Amerika Birleşik Devletleri’nde (ABD) yapılan yeni bir araştırma, cinsel ve toplumsal cinsiyet azınlıklarına mensup öğrencilerin, akranlarına kıyasla depresyondan muzdarip olma olasılığının daha yüksek olduğunu gösteriyor.
Araştırma, 2007-2022 yılları arasında 18-35 yaş aralığındaki 480.000’den fazla üniversite öğrencisinin katıldığı ve ABD’deki öğrenci ruh sağlığını inceleyen yıllık Sağlıklı Zihinler Çalışması verilerine dayanıyor.
The Journal of American College Health dergisinde yayınlanan bulgulara göre, LGBTQIA+ öğrenciler üniversite öğrencilerinin yaklaşık beşte birini oluştursa da, depresyon vakalarının neredeyse yarısını temsil etmekte. Bu grup, lezbiyen, gey, biseksüel, transseksüel, queer, interseks, aseksüel, ikili olmayan veya cinsiyet normlarına uymayan bireyleri kapsıyor.
New York Eyalet Psikiyatri Enstitüsü’nde doçent olan Dr. David Pagliaccio, “Bu çalışma, özellikle LGBTQIA+ olarak tanımlanan öğrencilerin ruh sağlığını desteklemek için hedefe yönelik müdahalelere duyulan ihtiyacı vurguluyor,” dedi. “Kapsayıcı ve destekleyici akademik ortamlar yaratmak giderek daha acil hale geliyor.”

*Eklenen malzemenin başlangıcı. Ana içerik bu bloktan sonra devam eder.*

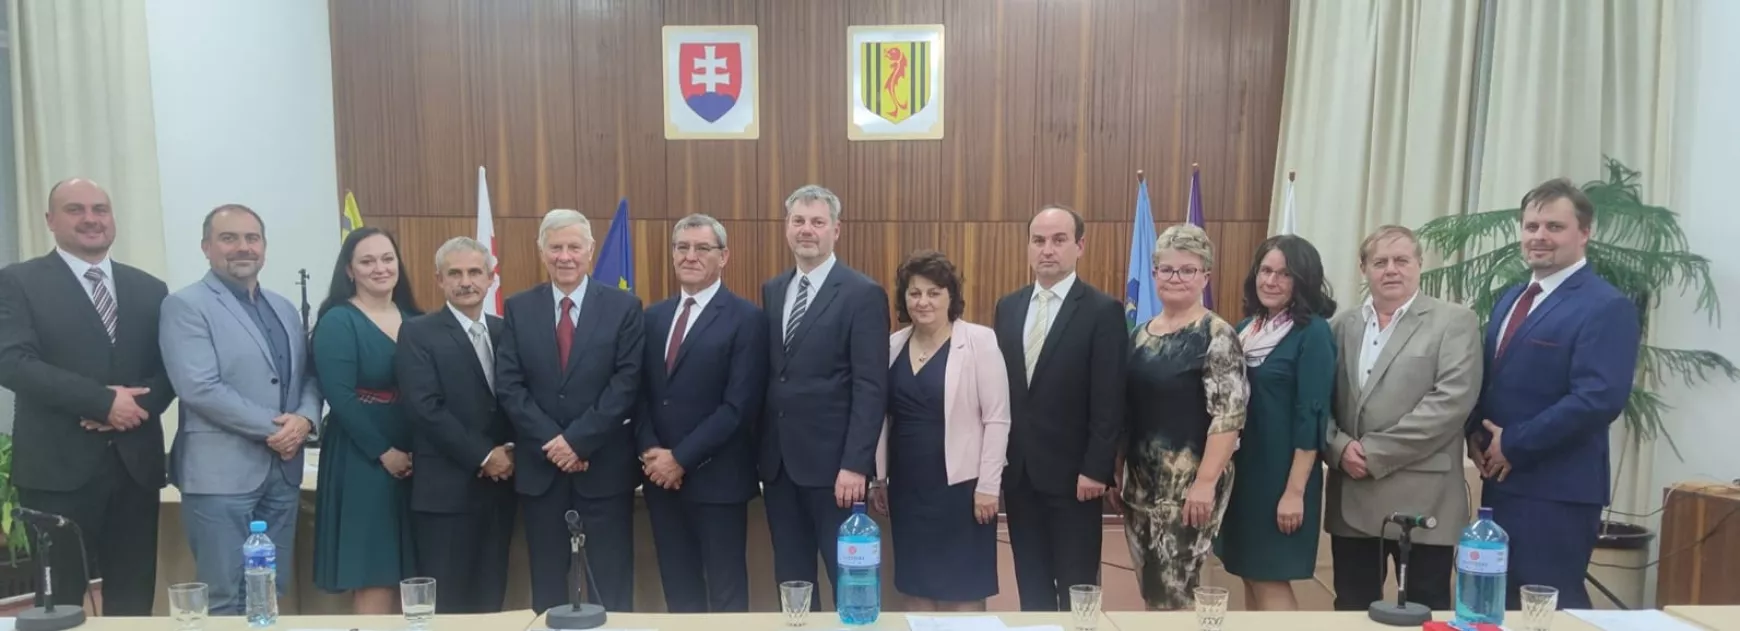 A bírósági beadvány ellenére megalakult a városi önkormányzat Naszvadon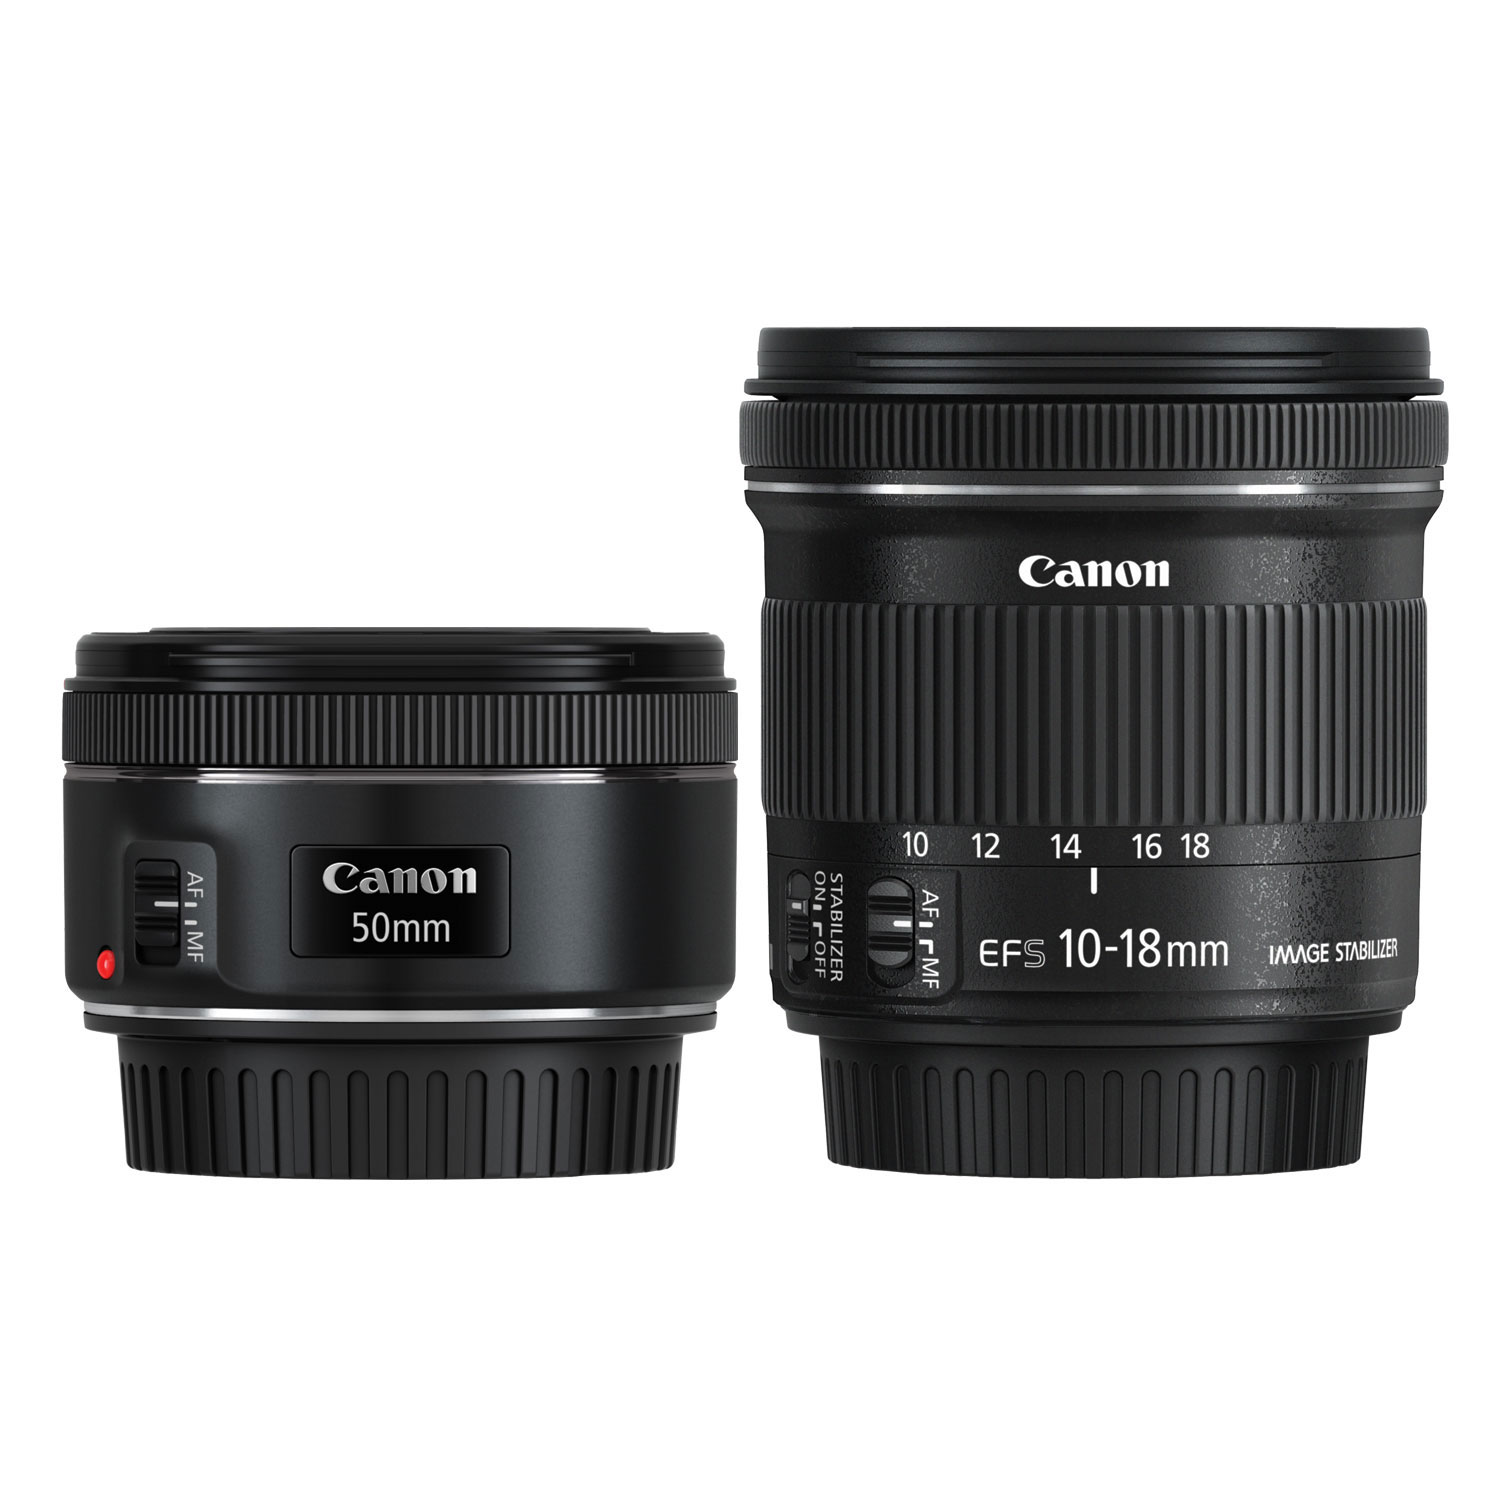 Canon EF 50mm f/1.8 & EF-S 10-18mm f/4.5-5.6 DSLR Lens Bundle

Çalışmaya göre, zamanla artan bir trendle, ortalama her on öğrenciden biri majör depresyon belirtileri bildiriyor. Heteroseksüel öğrencilerin yüzde 8,5’ine kıyasla, LGBTQIA+ öğrencilerin yüzde 27’si depresyon belirtisi gösterirken, bu da üç kat daha yüksek bir oran olarak dikkat çekiyor.
‘Bu trend, her yerde görülüyor’
Uluslararası LGBTQI Gençlik ve Öğrenci Örgütü IGLYO’nun yönetici direktör yardımcısı ve politika ve araştırma müdürü Rú Avila Rodriguez, Euronews Health’e gönderdiği e-postada, “LGBTQI bireylerde ruh sağlığı yönünden eşitsizlikler 10 yaşından itibaren başlıyor,” dedi.
Avrupa’da da benzer bir eğilim gözlemlenip gözlemlenmediği sorulduğunda, “Bu, bu tür araştırmaların yapıldığı her yerde küresel olarak görülen bir eğilim,” yanıtını verdi.
Rodriguez, bu durumu açıklayabilecek bir teori olarak ‘Azınlık Stresi Teorisi’ni işaret etti. Bu teori, LGBTQI bireylerin yaşadığı ruh sağlığı sorunlarının damgalanma, ayrımcılık, destekleyici olmayan ortamlar (aile, okul, sağlık sistemleri), önyargı ve mağduriyet gibi faktörlerin neden olduğu yüksek sosyal stres düzeylerinden kaynaklandığını öne sürüyor.
ABD’de yapılan yeni bir araştırma da, ayrımcılık ve aidiyet eksikliğinin ruh sağlığı eşitsizliklerinin “temel etkenleri” arasında yer aldığını vurguluyor.
IGLYO’nun Avrupa’da 14-30 yaş arasındaki LGBTQI gençlerle yaptığı bir araştırma, katılımcıların yarısından fazlasının okul ortamlarının ruh sağlıklarına olumsuz etkisi olduğunu belirttiğini gösteriyor.
Rodriguez, “LGBTQI öğrencilerde depresyon oranları artmaya devam ettiğinden, stratejilerin bu durumu kabul etmesi, LGBTQI topluluklarına öncelik vermesi ve özellikle gençleri desteklemek için özel stratejiler oluşturması çok önemli,” diye ekledi.